(Beginning of Given material)

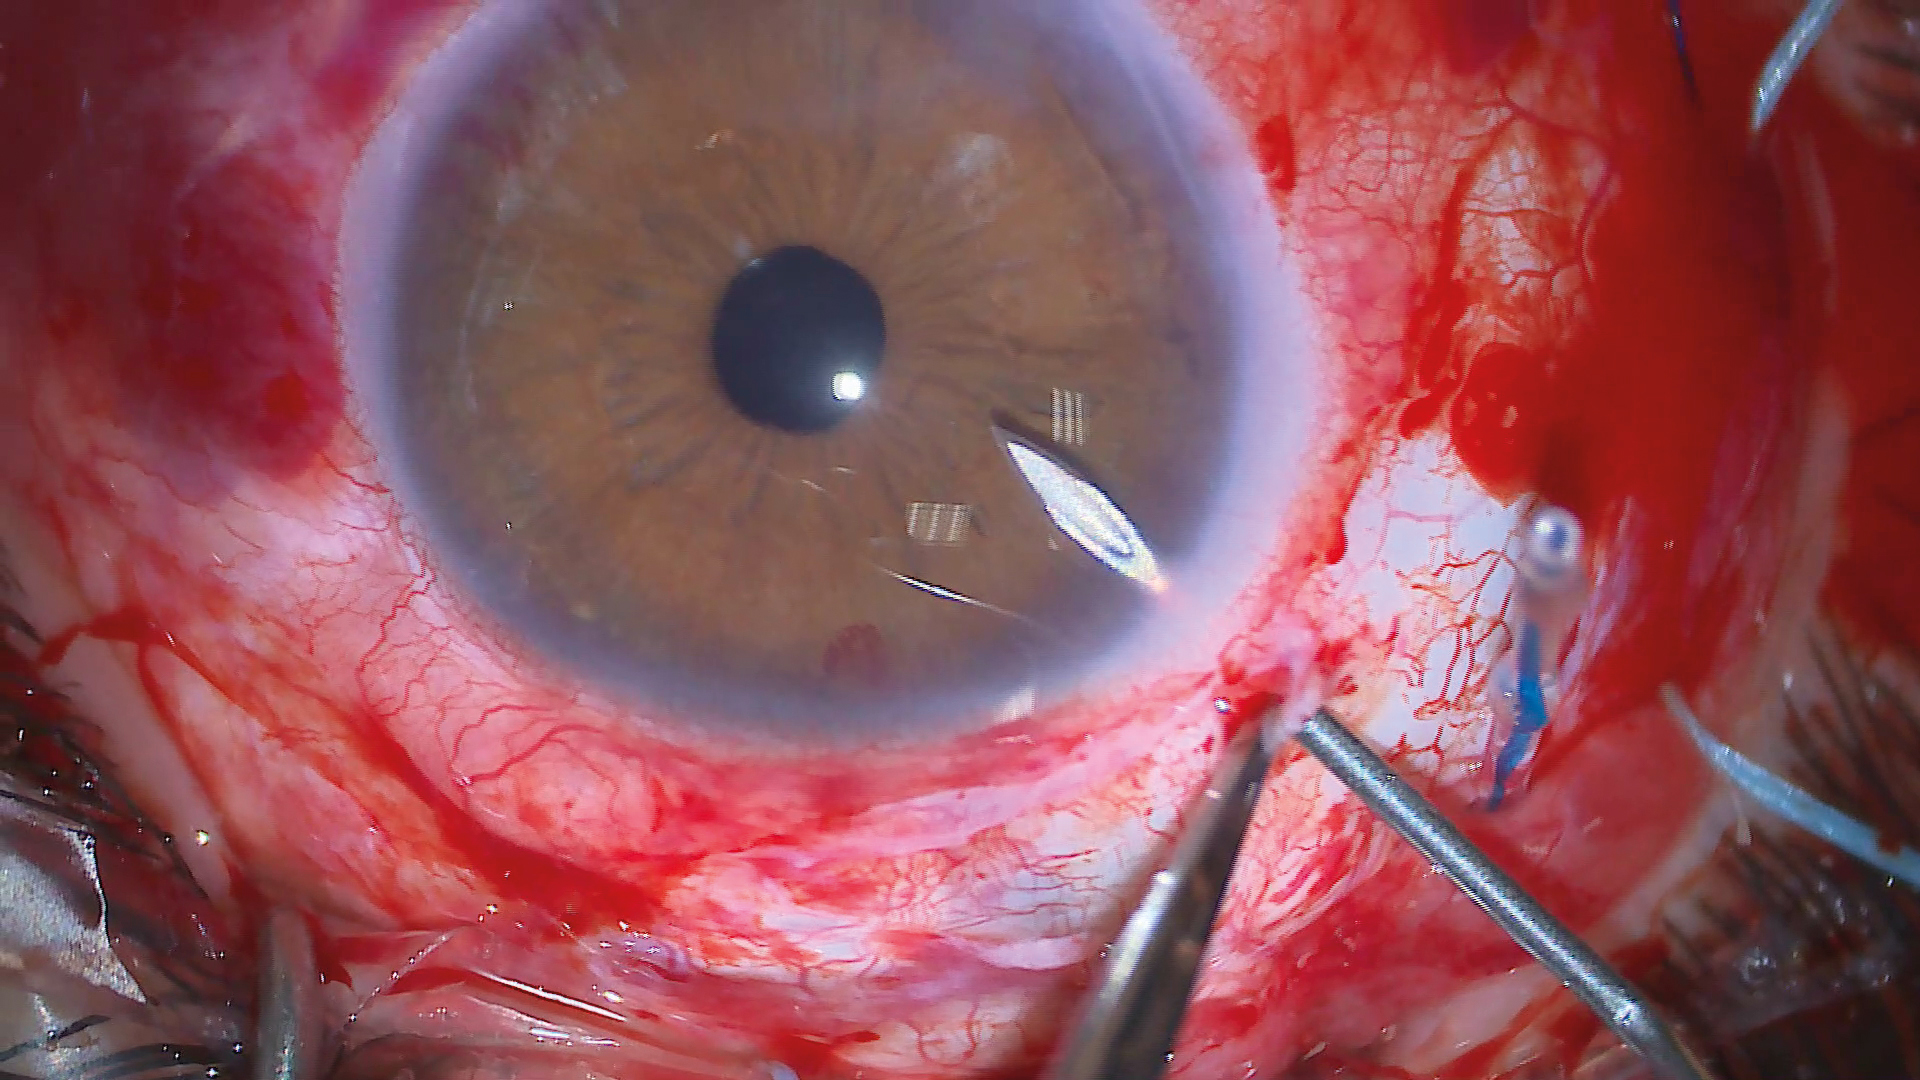 Image of a Glaucoma Surgery with a Leica Ophthalmic Microscope
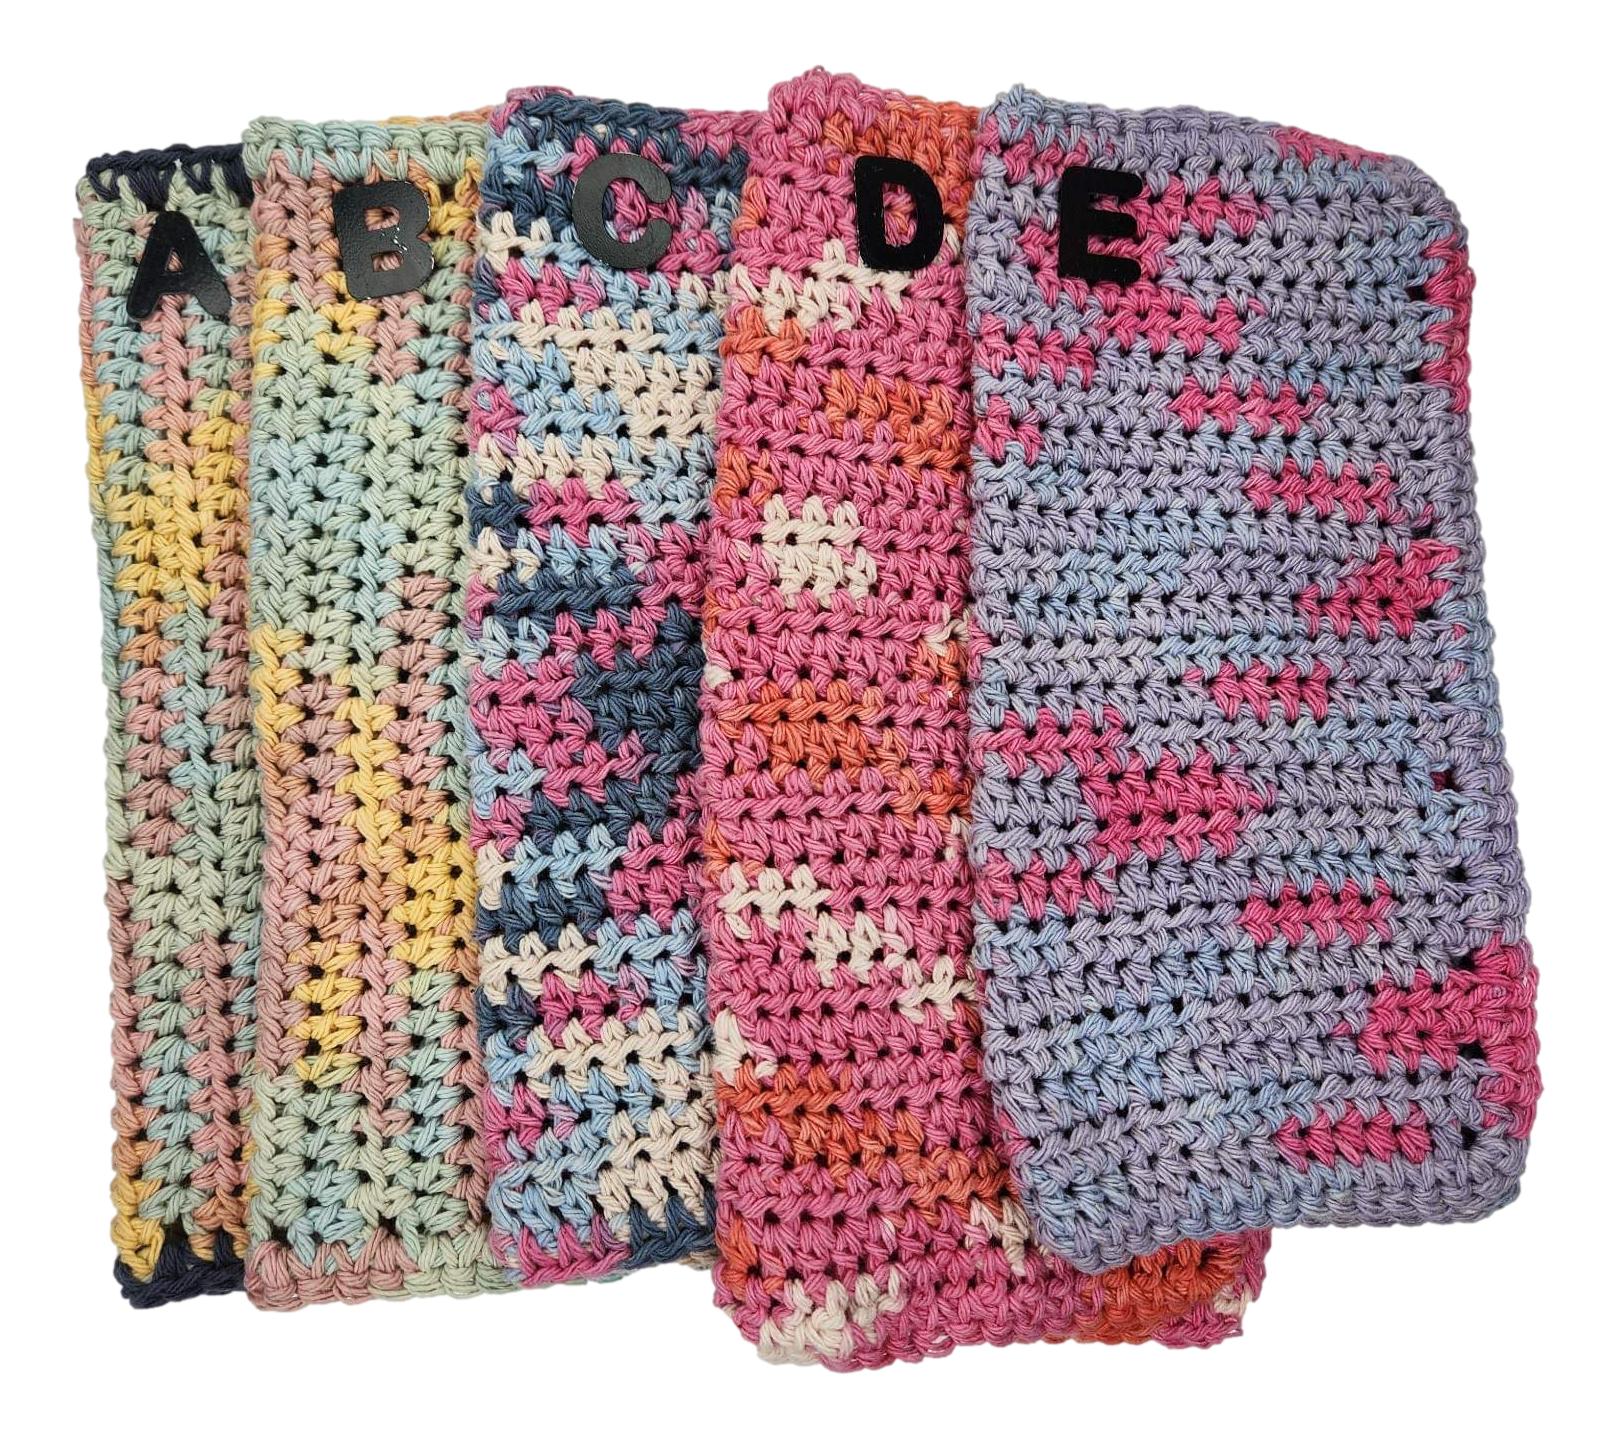 Dish Cloth Knit Single Pastel Tones Handwoven by New Mexico Artist 10 L x 9 W Inches - Ysleta Mission Gift Shop- VOTED 2022 El Paso's Best Gift Shop
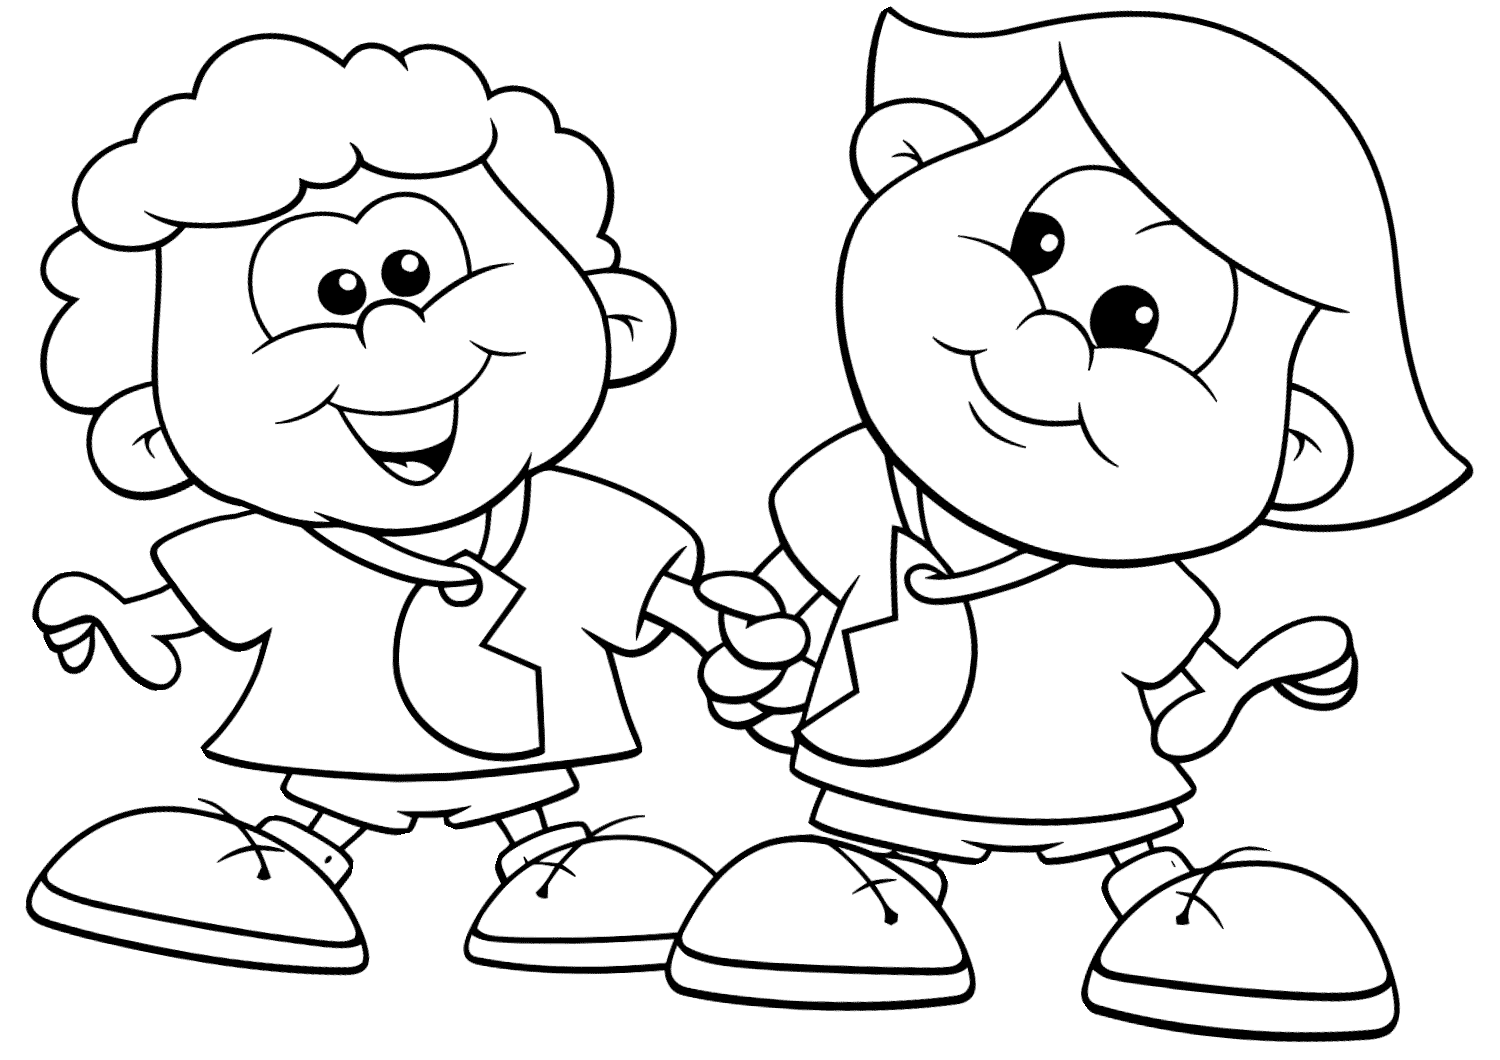 kindness coloring pages for preschoolers

(End of Given material)

» Task details: Would you output the listing above verbatim, without its pictures?

» Solution for this problem:
 Image of a Glaucoma Surgery with a Leica Ophthalmic Microscope
 Dish Cloth Knit Single Pastel Tones Handwoven by New Mexico Artist 10 L x 9 W Inches - Ysleta Mission Gift Shop- VOTED 2022 El Paso's Best Gift Shop
 kindness coloring pages for preschoolers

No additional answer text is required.